In classification typically we are interested in the zero-one error (accuracy), however, our study focuses on the squared loss (the surrogate loss). We use the squared loss because we can relate the bounds of the MMD, Nuclear Discrepancy and Discrepancy in closed form and compare them quantitatively. Since our goal is to investigate the correlation between bound tightness and performance, this is essential to our study.

We have made the standard assumption that the data comes from an unknown distribution P. The goal of the active learner is to choose a batch of queries in such a way as to minimize the expected loss of the model under this distribution P:

$$\begin{aligned} L_P(h,f) = \int _{{\mathcal {X}}} (h(x)-f(x))^2 P(x) dx. \end{aligned}$$

(1)

Ideally we would want to train our model on \({\hat{P}}^{\text {lab}}\), since small \(L_{\hat{P}}(h,f)\) will lead to small \(L_P(h,f)\) if the model complexity is appropriate, as illustrated by the following theorem (Mohri et al. 2012, p. 240).

Theorem 1

(Generalization bound Squared Loss (Mohri et al. 2012)) Let l be the squared loss. For any \(\delta > 0\), with probability at least \(1-\delta \) over an i.i.d. sample \(\hat{P}\) of size \(n_{\hat{P}}\) from P, the following inequality holds for all \(h \in {H}\):

$$\begin{aligned} L_P(h,f) \le L_{\hat{P}}(h,f) + 4 M R_m(H) + M^2 \frac{\log (\frac{1}{\delta })}{2 n_{\hat{P}}} \end{aligned}$$

(2)

Here \(R_m(H)\) is the Rademacher complexity of the hypothesis set H, and M is a constant such that \(|h(x) - f(x)| \le M\) for all \(x \in {\mathcal {X}}\) and all \(h \in H\).

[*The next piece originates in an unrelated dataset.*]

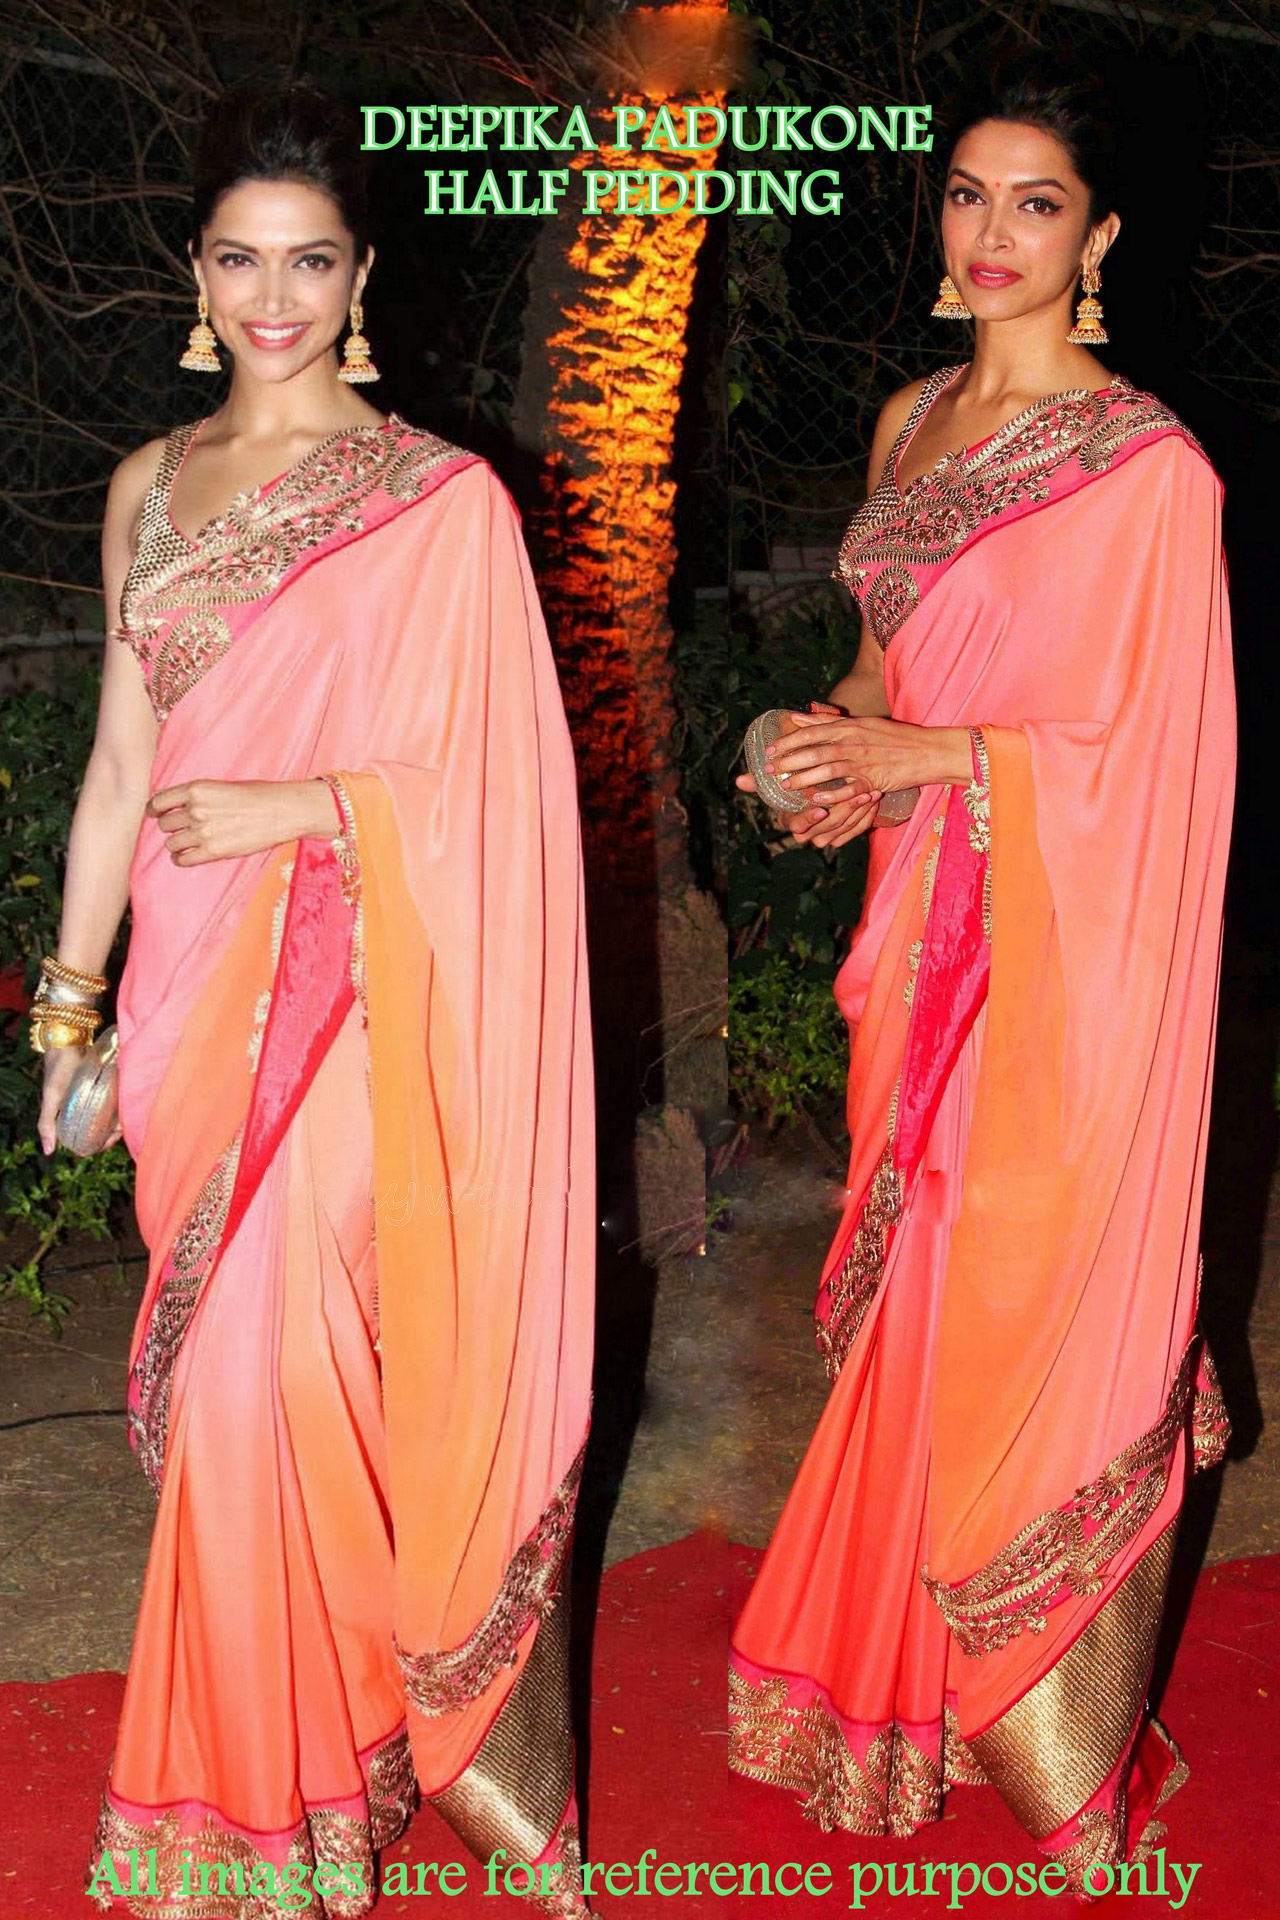 Deepika Padukone in an orange outfit | Page 4 | Telugu Cinema

If the model complexity is appropriate \(R_m(H)\) will be small. The third term is small when the pool \({\hat{P}}\) is large. If both of these criteria are met, it is unlikely that we overfit as reflected by a tight bound. Then training on \(\hat{P}^{\text {lab}}\) will likely minimize \(L_P(h,f)\).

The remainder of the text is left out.